A crankcase 24 extends from the combustion chamber 20. Mounted for reciprocating movement inside the cylinder 18 is a piston 26 which has an upper edge 28 and which is connected, via a connecting rod 30 to a crankshaft 32 extending through the crankcase 24. Reciprocating movement of the piston 26 through a compression or upstroke and through an expansion or downstroke respectively produces relatively low and high pressure conditions inside the crankcase 24. Maximum crankcase pressure exists when the piston 26 is at bottom dead center (illustrated by solid lines in FIG. 1) and a minimum crankcase pressure exists when the piston 26 is at top dead center (illustrated by phantom lines in FIG. 1).

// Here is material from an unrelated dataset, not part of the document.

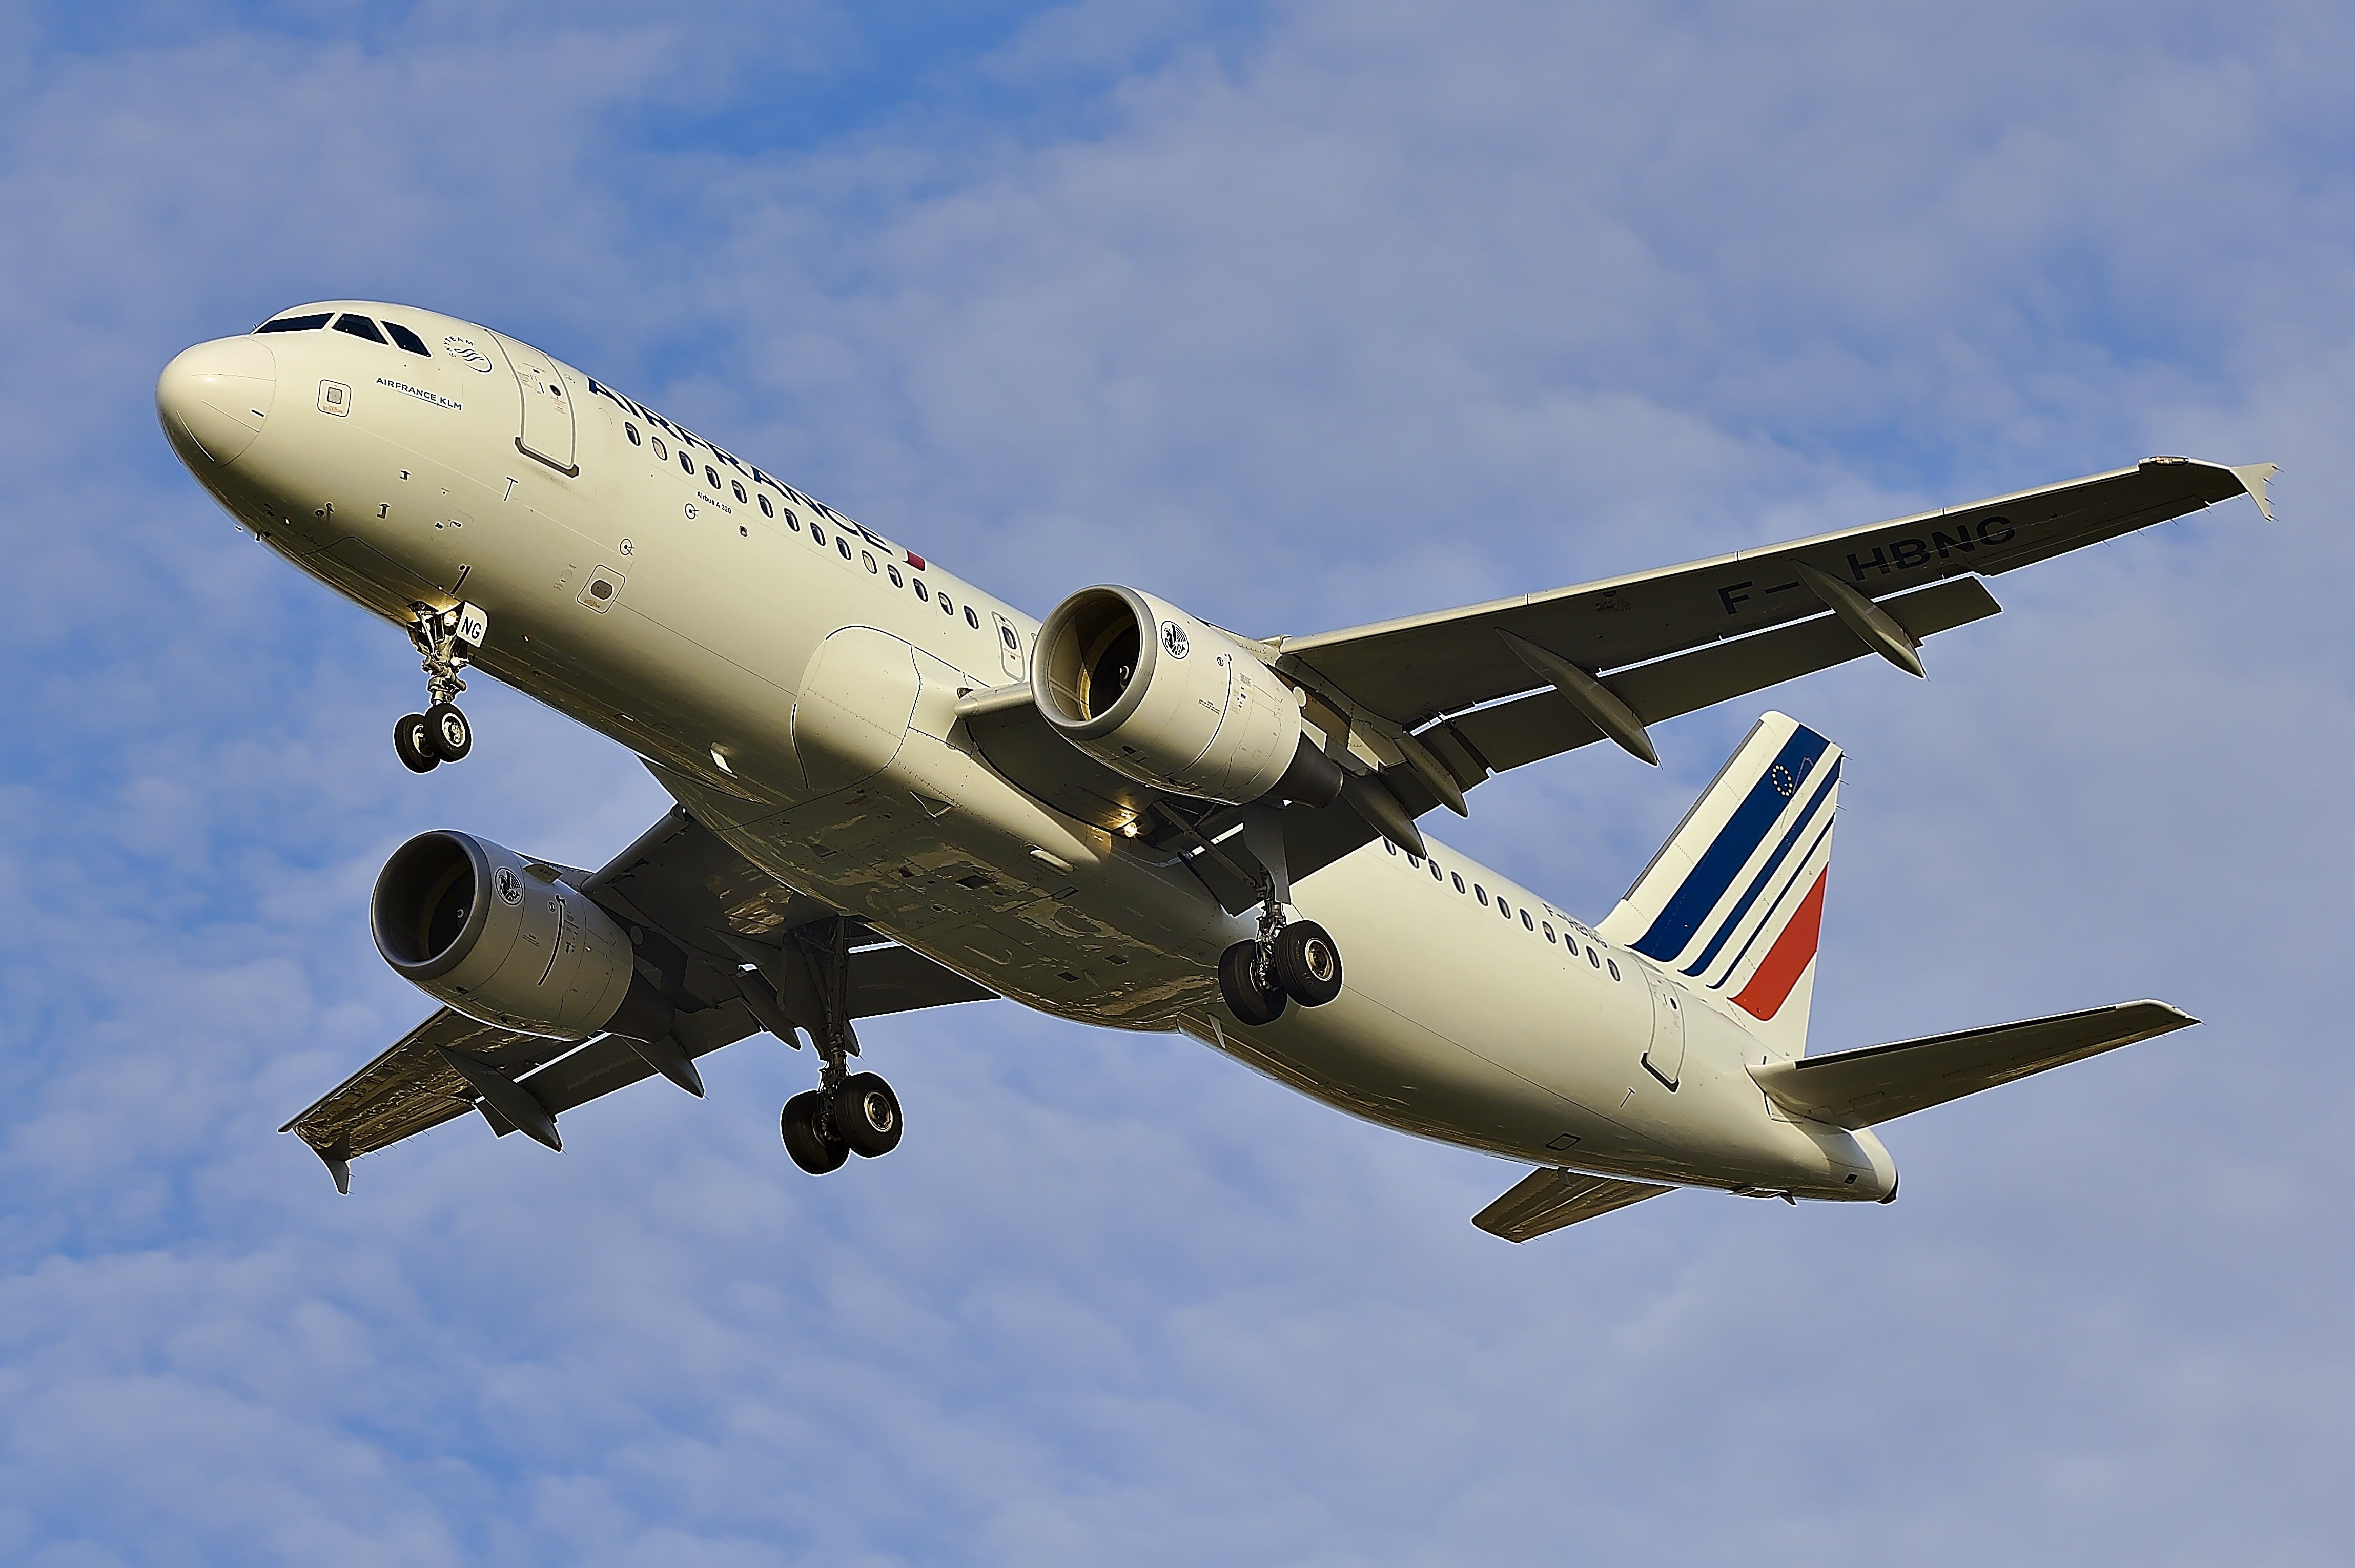 Air France becomes the first major airline to be led by a female CEO

A fuel-air mixture is introduced into the crankcase 24 in response to variations in the crankcase pressure as described in more detail below. The crankcase 24 is connected in communication with the combustion chamber 20 by a fuel transfer passage 34 (FIG. 2) extending in the engine block 16. The fuel transfer passage 34 includes an inlet 35 and terminates at the cylinder wall in a fuel intake port 36 having an upper edge 38 located at a predetermined distance from the head end 22 of the cylinder 18. A charge of the fuel-air mixture, flowing from the crankcase 24 through the transfer passage 34, is introduced into the combustion chamber 20 as the upper edge 28 of the piston 26 uncovers the fuel intake port 36 during travel from top dead center toward bottom dead center.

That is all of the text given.